ASSIGNED TASK: Without reproducing any image, print the listing below exactly.

INFORMATION SHOWN:
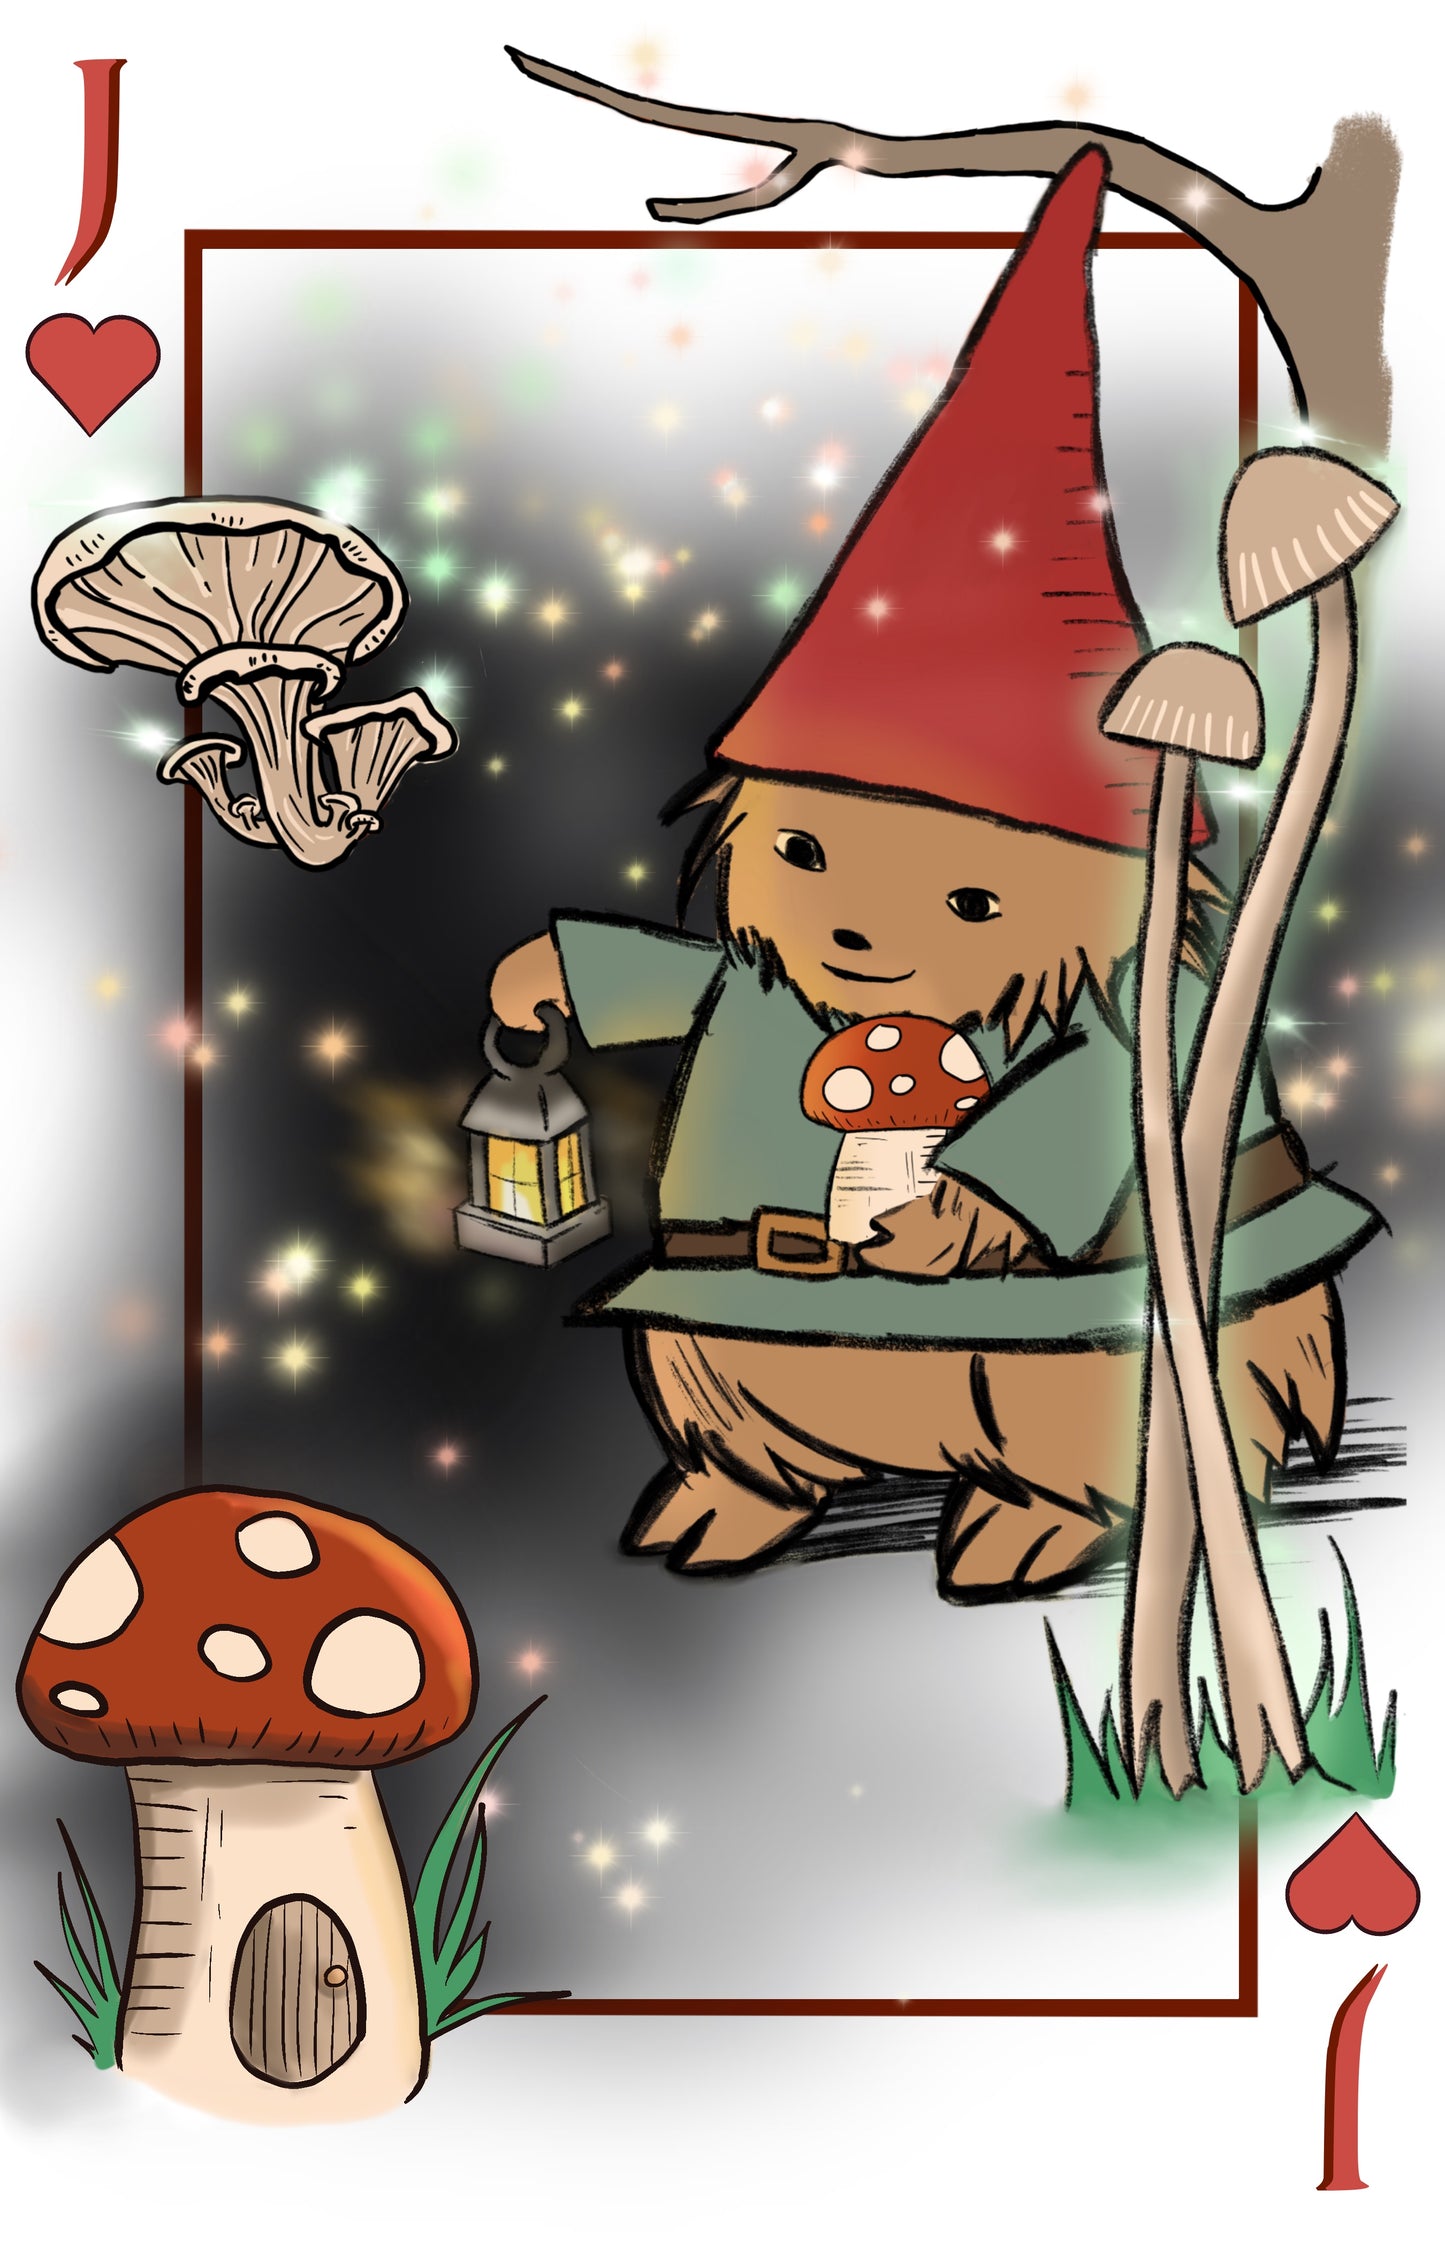 Mushroom hunting fantasy themed playing cards
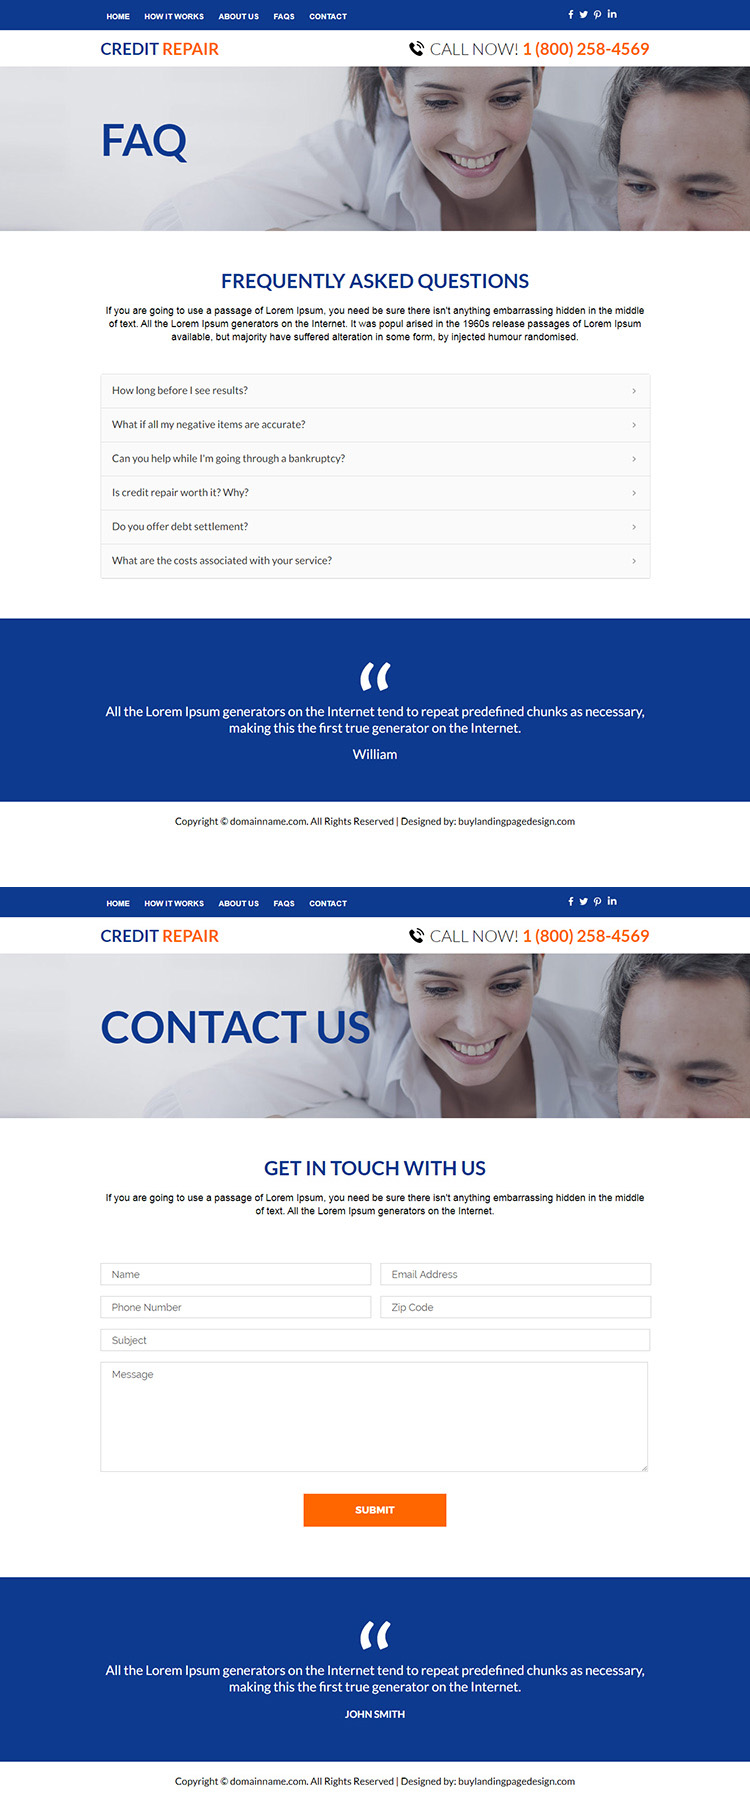 professional credit repair sign up capturing responsive website design
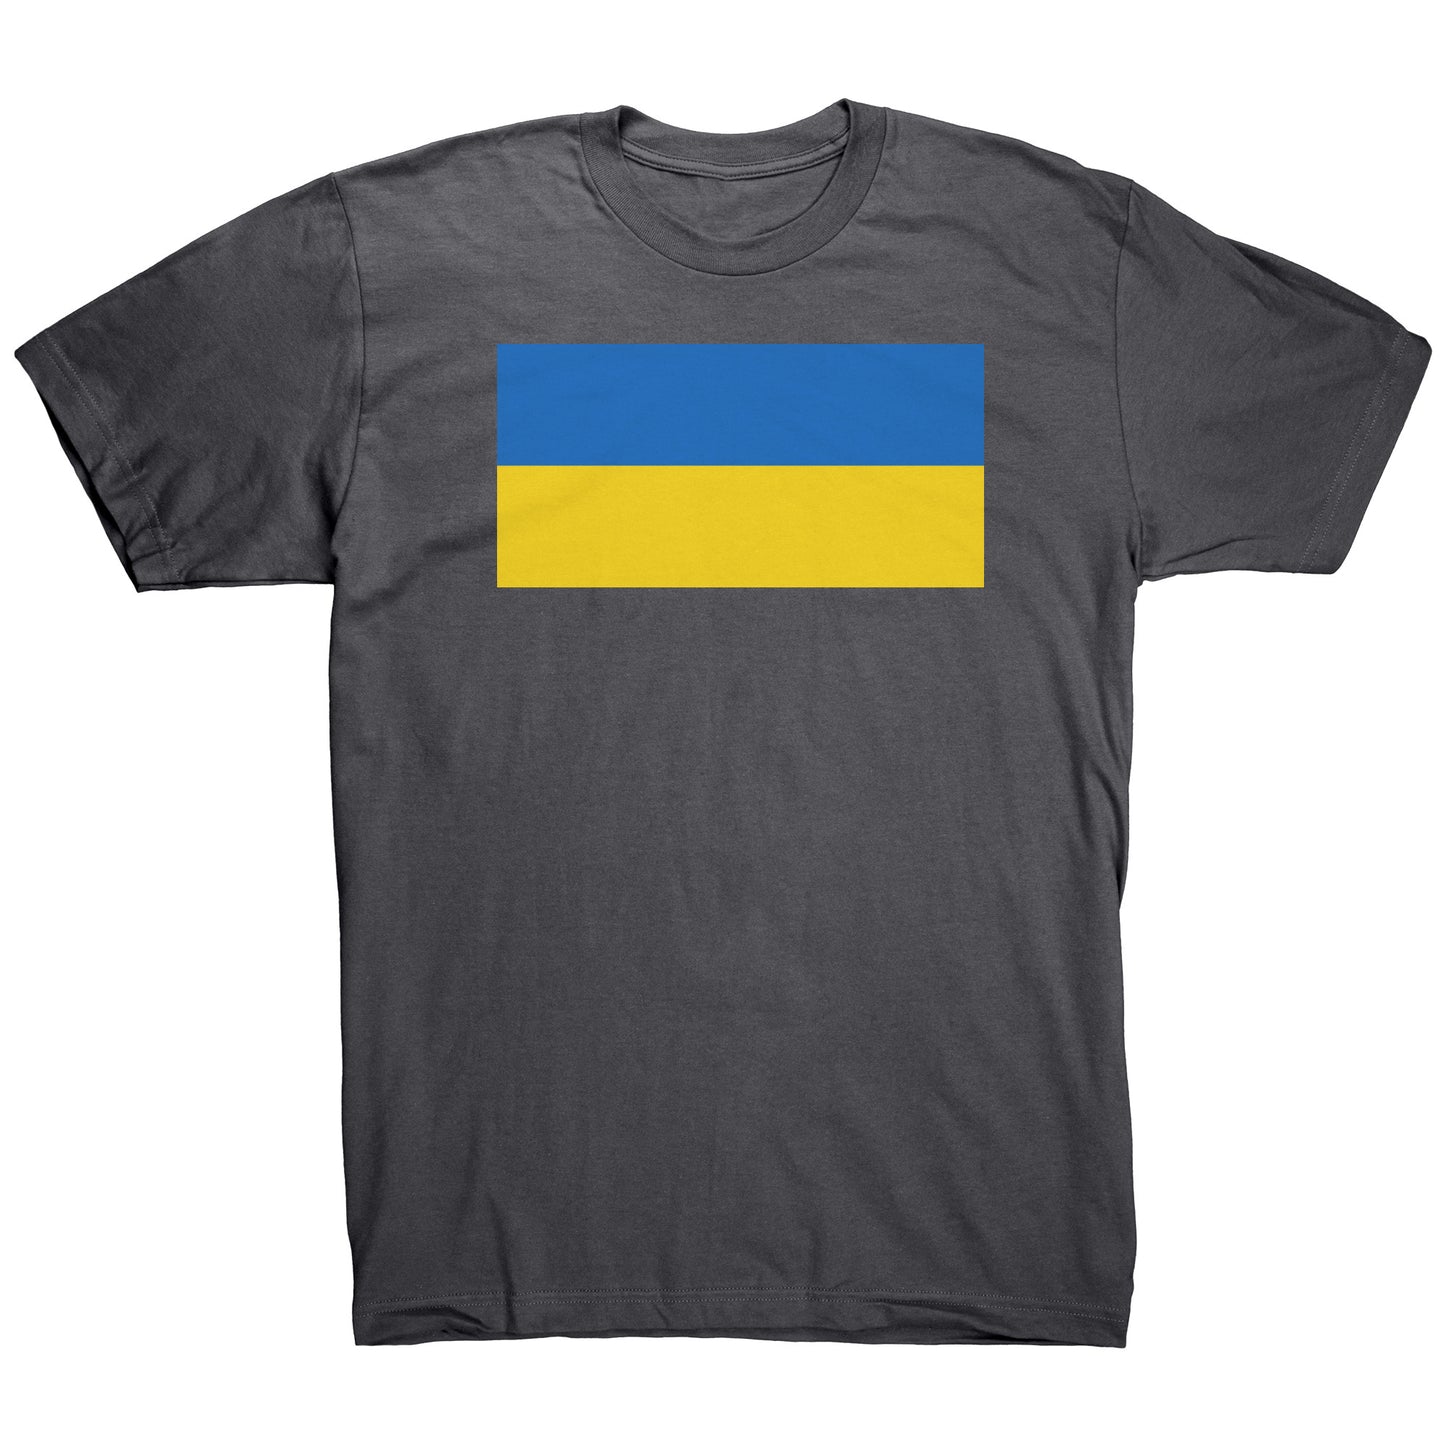 The Flag of Ukraine
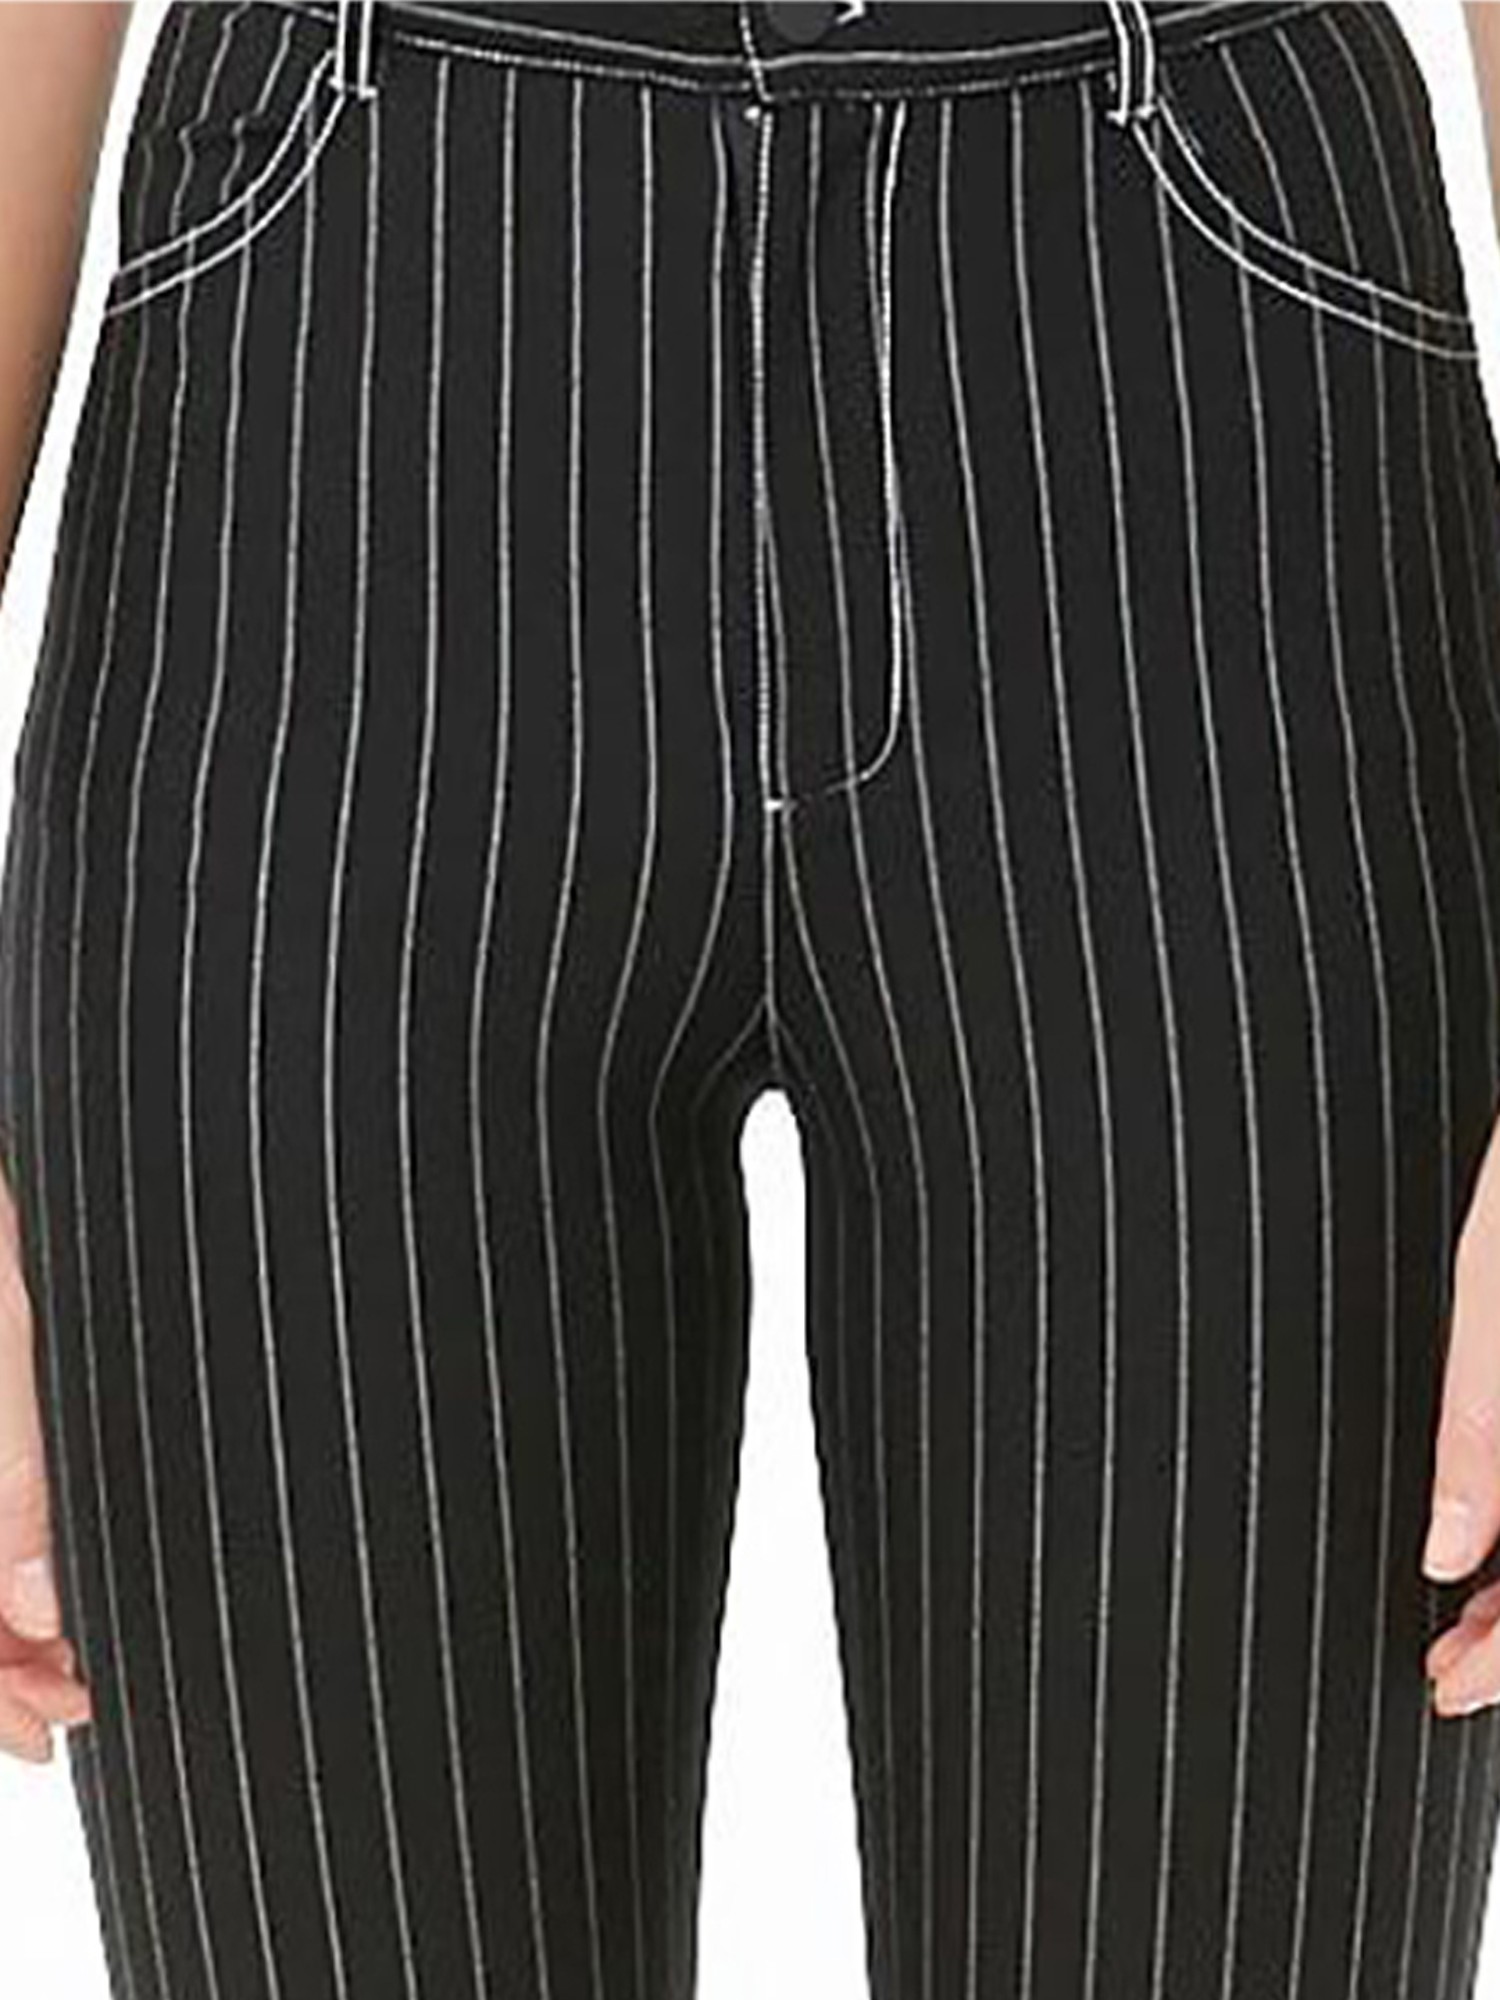 Black Pistol Freak pants black / white stripes

RESULT FOR THIS TASK:
 Mushroom hunting fantasy themed playing cards
 professional credit repair sign up capturing responsive website design
 The Flag of Ukraine
 Black Pistol Freak pants black / white stripes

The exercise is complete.